Postby Antsy » Fri Mar 25, 2016 10:56 pm

:roll:
7hellyears wrote:
frugalcanadaprepper wrote:I guess I should ask if anyone else here does something similarly silly paranoid like me or if we all continue on like life is secure and normal.

Canadians for the most part have a bad reputation of being smug and in denial. They maybe polite or timid to say what's on their minds. In reality they are ostriches until TSHTF and effects them personally.
A good example is the 1917 Halifax explosion of about 4 kilotons (1/3rd the yield of the Hiroshima bomb) Survivors wandered about in shock, denial and thinking irrationally. Let us hope we can be better conditioned and prepared...In a very short time, all hell is about to break loose in this world and Canada will not be exempt.

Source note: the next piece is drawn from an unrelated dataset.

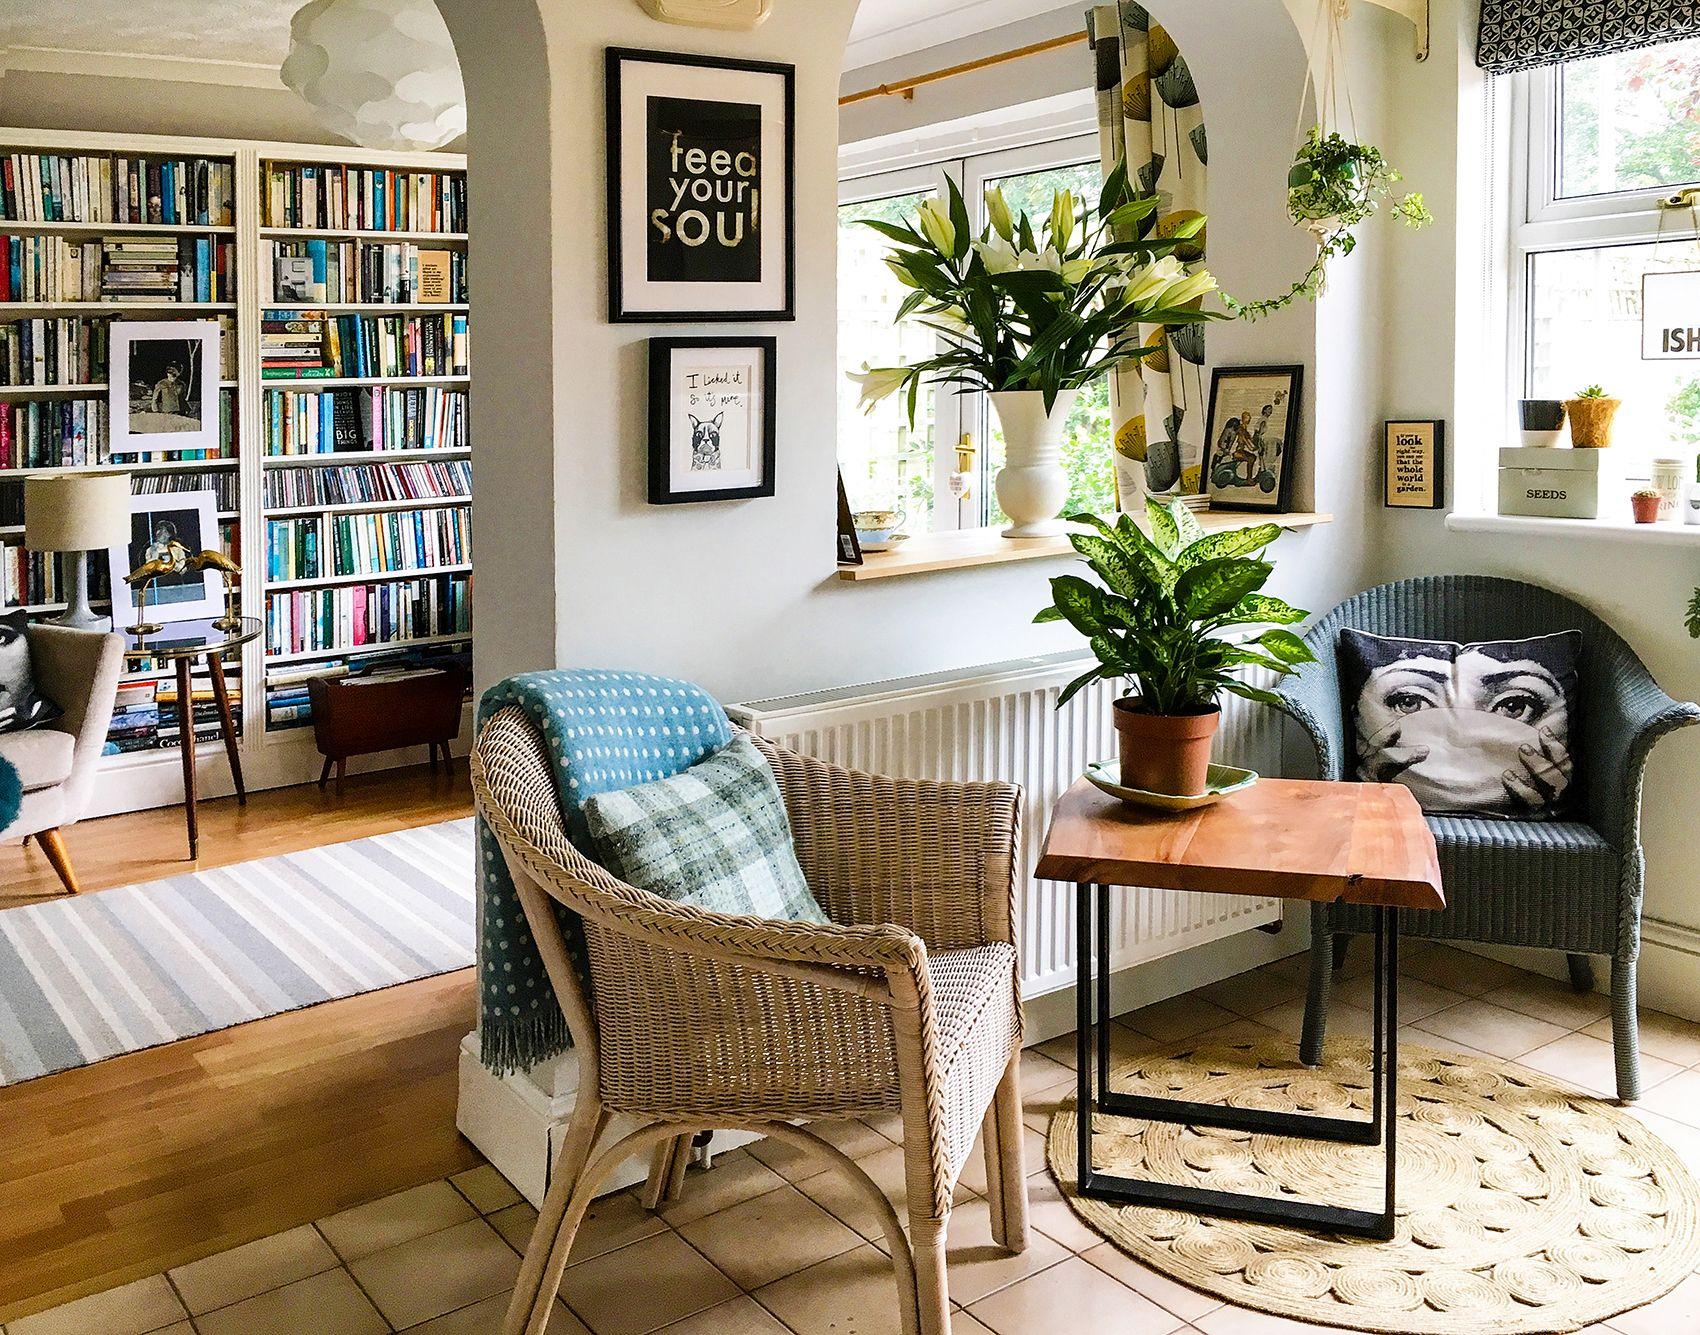 A 1930s Bristol England Home For A Book Lover Living Room Decor Western Living Room Decor Home Living room ideas england

"Canadians for the most part have a bad reputation of (sic) being smug and in denial."
For whom do we carry this reputation? I personally don't think it smug, oblivious, or 'in denial' to get on with one's life and not dwell on metaphysics. You know the saying; plan first for what's most likely and most disruptive. Work down from there.

Your "good example" is 99 years old and I can't help but think that the reaction to the blast was entirely predictable among any population. From Wikipedia (purveyors of opinion presented as truth), "Relief efforts began almost immediately, and hospitals quickly became full. Rescue trains began arriving from across eastern Canada and the north-eastern United States, but were impeded by a blizzard. Construction of temporary shelters to house the many people left homeless began soon after the disaster."

Finally, just what can you tell us about all hell breaking loose in the "very short time..." to come? I've been stirring the chicken entrails and didn't see a thing about all hell breaking loose. Please be specific.